Полетаев сидит за партой и, теребя ус, сосредоточенно слушает Юрковича. Он рад — в сочинении Василя чувствуется искринка одаренности. Учитель вправе гордиться. Это же он первый обратил внимание на чуткого неоперившегося галичанина, подвел его к книжному шкафу и сказал: «Начнем, Юркович, с классики…»

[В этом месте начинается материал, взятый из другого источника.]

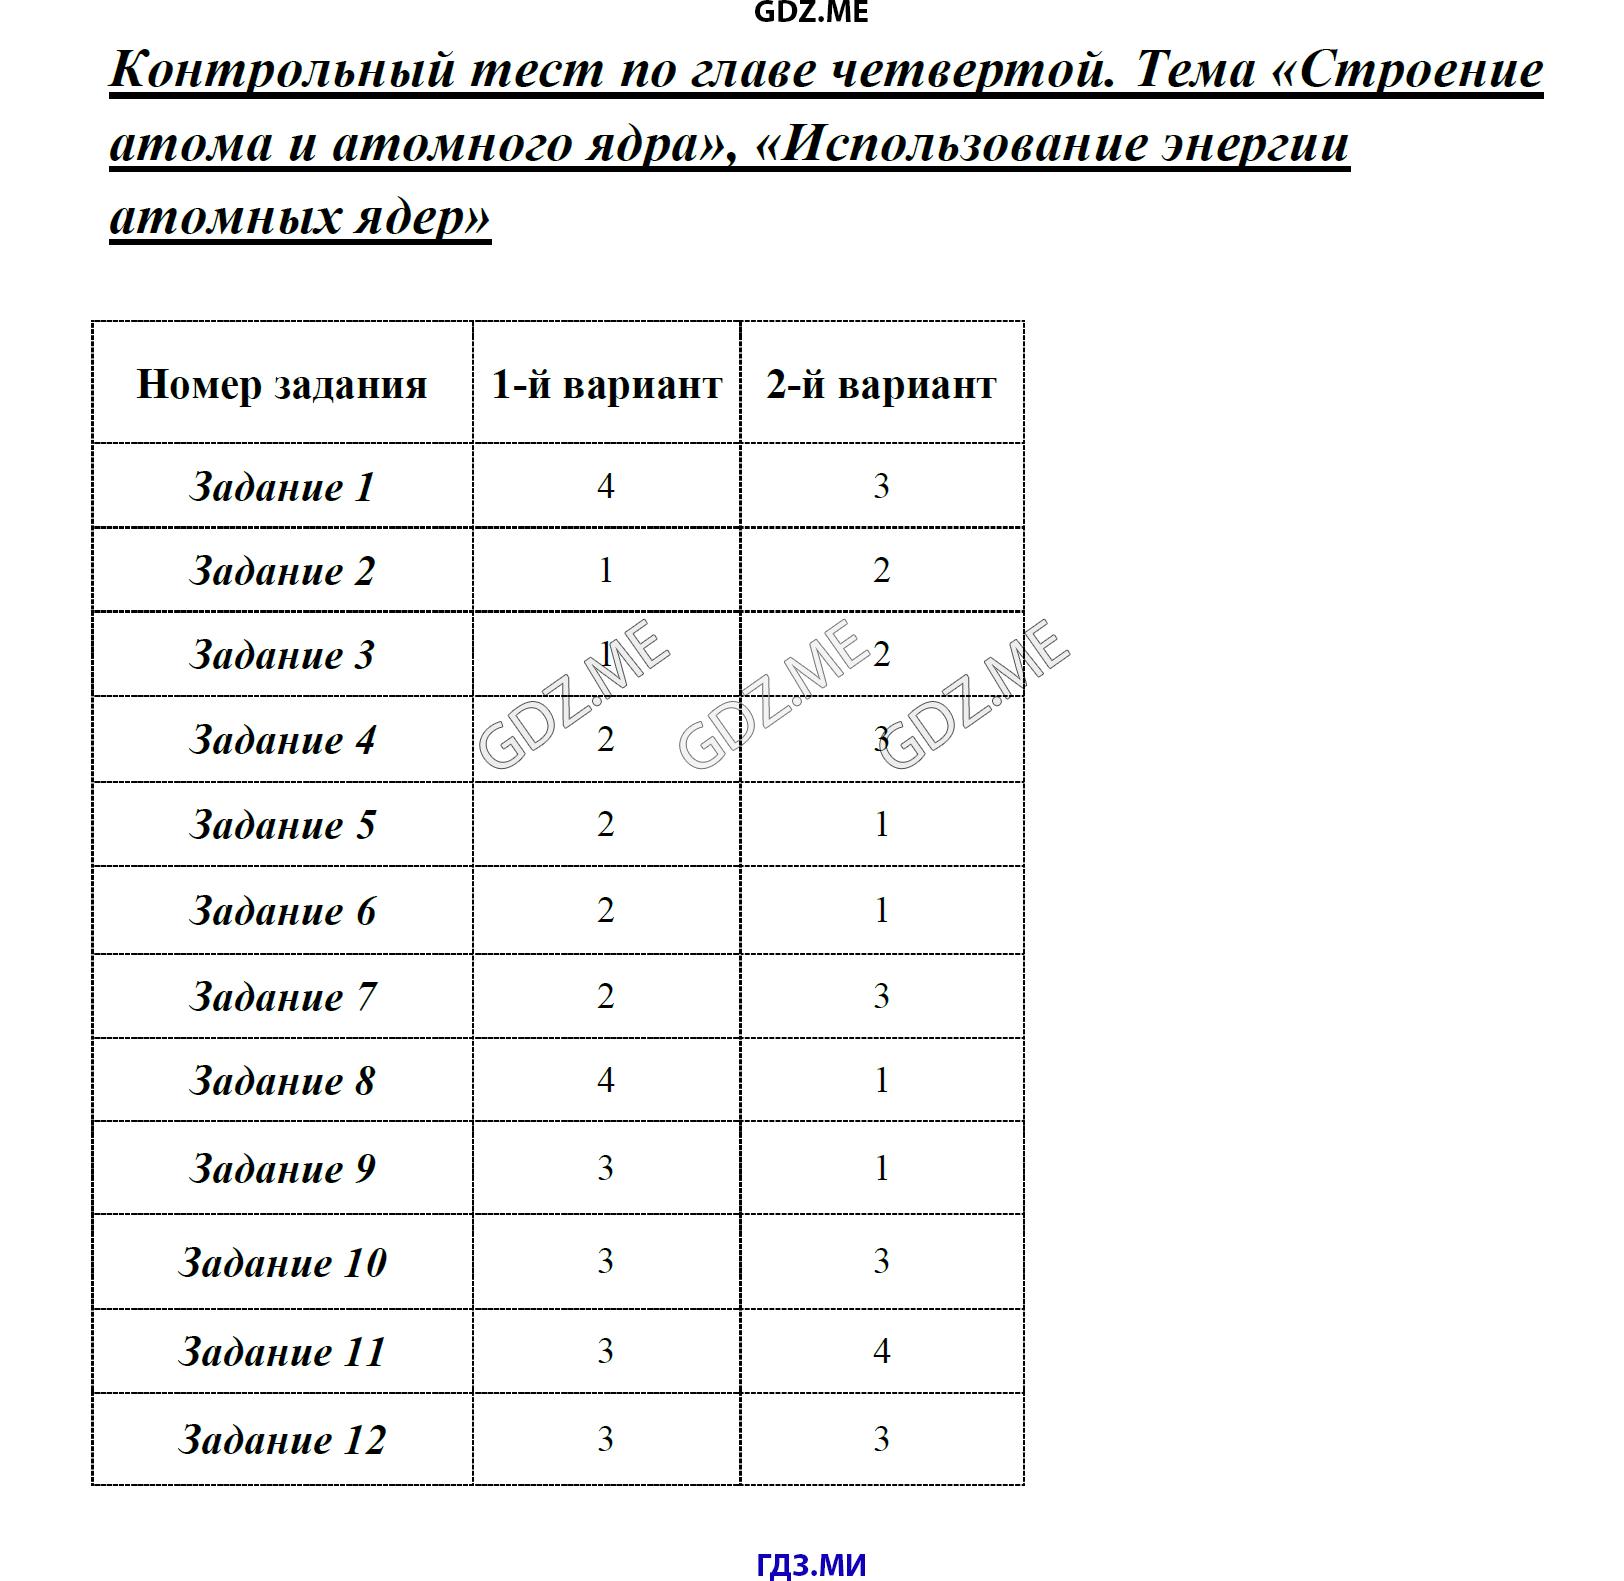 ГДЗ по физике класс Громцева тесты решебник Контрольный тест по главе №4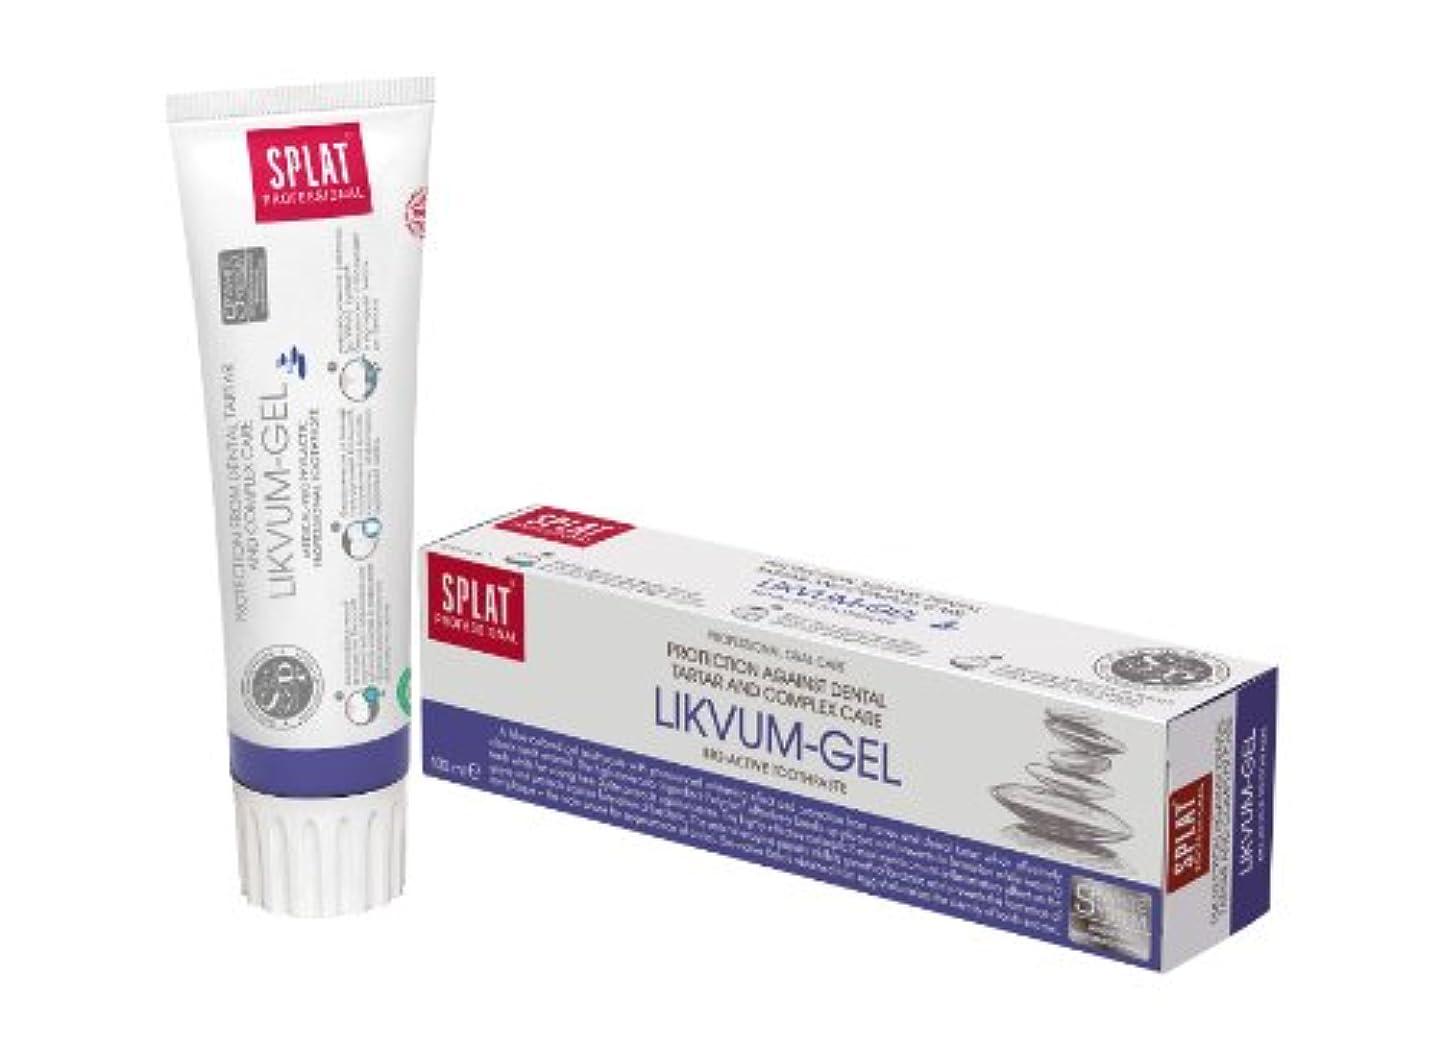 文明手数料カストディアンToothpaste Splat Professional 100ml (Likvum-gel)

Парень оказался необычайно жаден до книг, которые Полетаев обдуманно для него отбирал. Сколько раз, не дочитав произведения, он спешил к учителю, чтоб расспросить его насчет непонятной русской действительности, в которой жили герои романа. А бывало и так, что, прочитав книгу, он на какое-то время не мог выбраться из плена прочитанных идей и настроений, тогда между учителем и учеником завязывались разговоры, не предусмотренные никакими школьными программами. Василь Юркович разительно быстро мужал, приобретал нравственную закалку, страстно увлекался Тургеневым, Львом Толстым…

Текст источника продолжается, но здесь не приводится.